The CSP Indirect program is a quick and relatively painless way to get started with Office 365 and other cloud solutions.  In this article, we will review how it works, how it doesn’t work, and things to consider before signing up.

The point of this blog is to make things simple; let’s stay with that concept for a moment.  In the simplest terms, CSP Indirect means you are “indirectly” selling solutions to your end customers.  Why indirect?  In this model, you do not hold (perhaps you do but don’t want to mess with it) the qualifications/authorizations to sell Microsoft cloud solutions directly to your end customers from Microsoft, you must purchase through a distributor and then sell to your customers.  This could mean higher pricing, working with third-party systems instead of your own, and procurement.  One of the biggest disadvantage (sometimes an advantage) is there’s no direct support line to Microsoft.  If something goes wrong, you contact your distributor, who works directly with Microsoft.

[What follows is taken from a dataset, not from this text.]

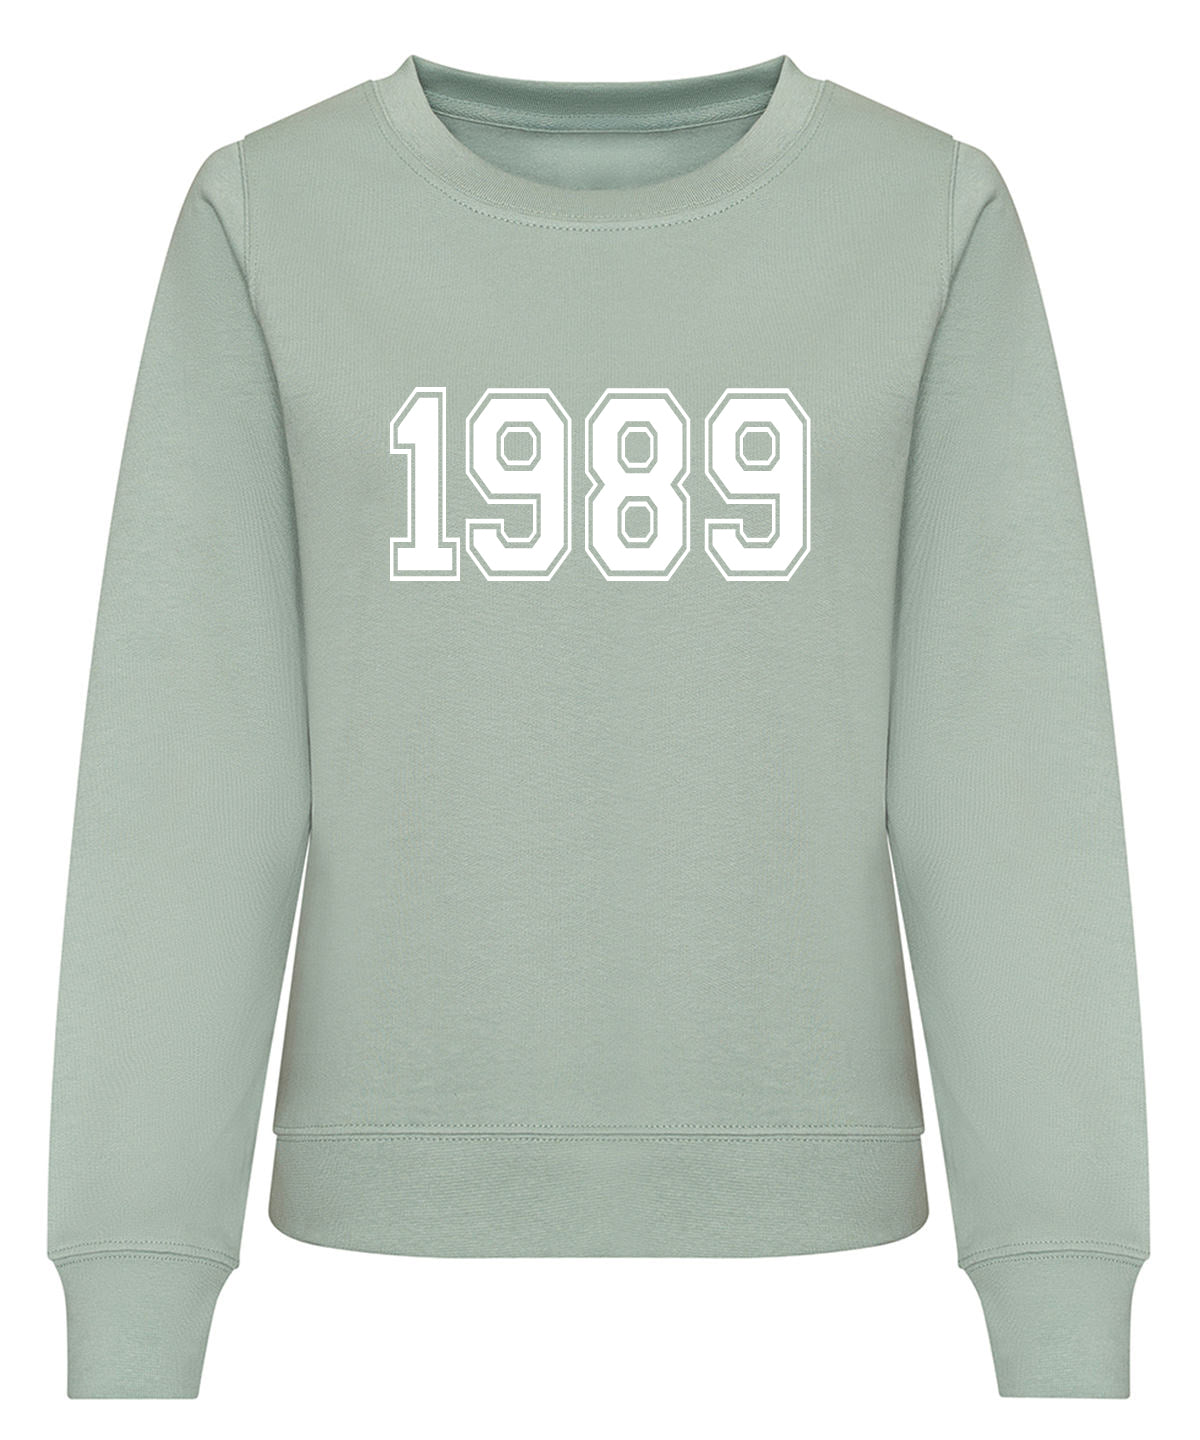 Birth Year 1969 Sweatshirt (you can select your year)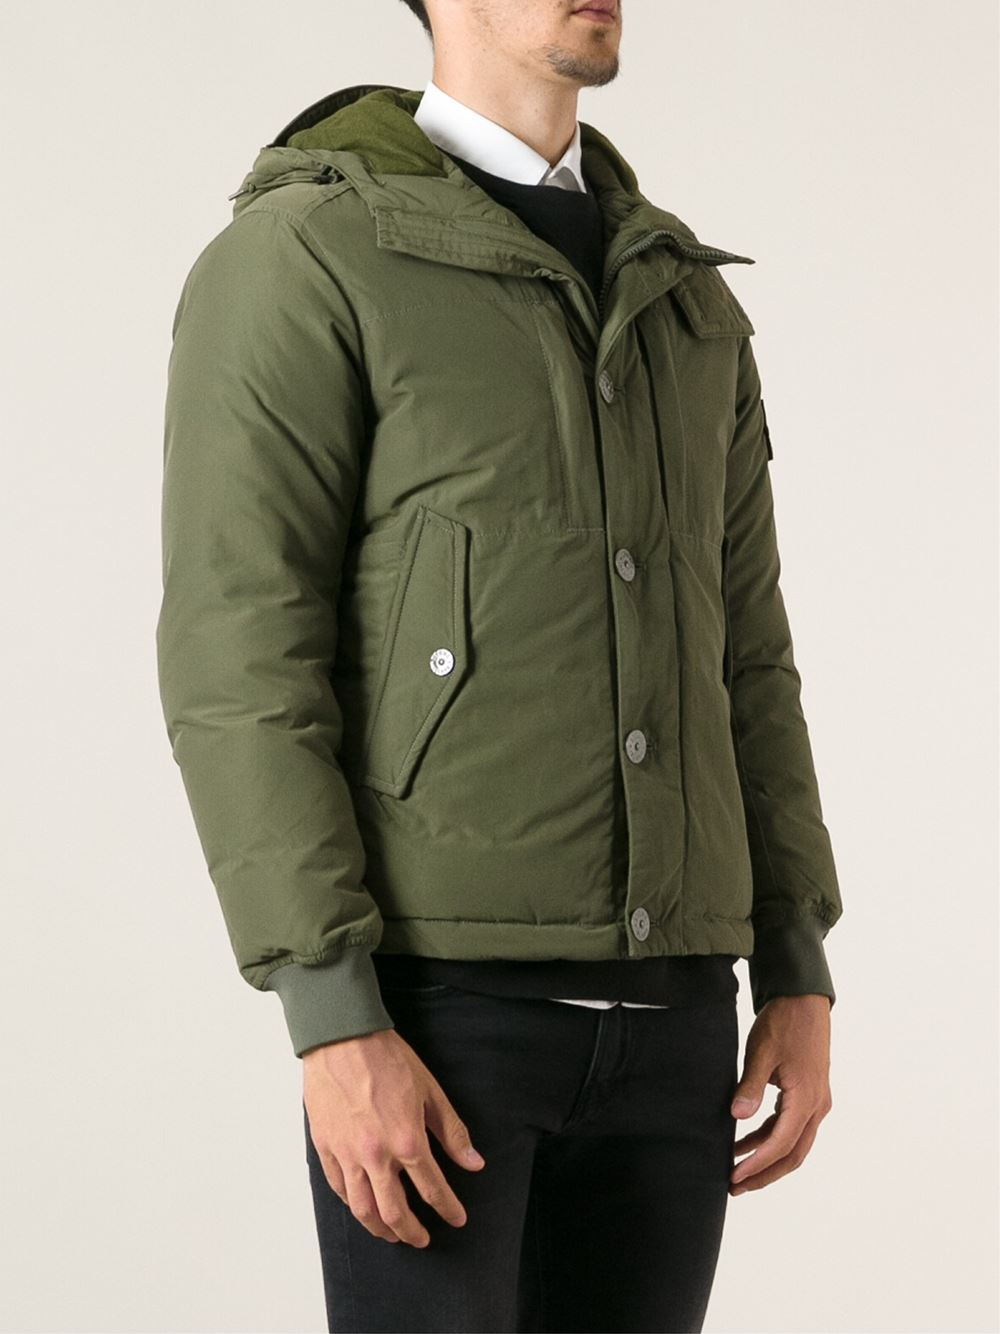 Stone Island Padded Military Coat in Green for Men - Lyst

As a cloud provider, you are also limited in some of the solutions you can sell to your customer from your datacenter environment.  Take as an example, the Qualified Multitenant Hosting Addendum (QMH).   If you are currently purchasing licenses through an indirect partner, you cannot host Windows 10 E3/E5 from your shared cloud environment. Only authorized CSP Direct partners have that luxury.  The same is true for Office Pro Plus and other desktop applications.

The advantage of CSP Indirect is you do not have to spend resources (including investing in additional staff and funding a platform) That’s all on the distributor.  You can think of CSP Indirect as white labeling Office 365.  It’s not technically white labeled (your end customer knows they are getting Office 365) but the billing comes from you.  CSP Indirect means you are leveraging someone else’s resources to deliver a solution to your end customers.  You still bill your customer and can provide basic support, which has its benefits.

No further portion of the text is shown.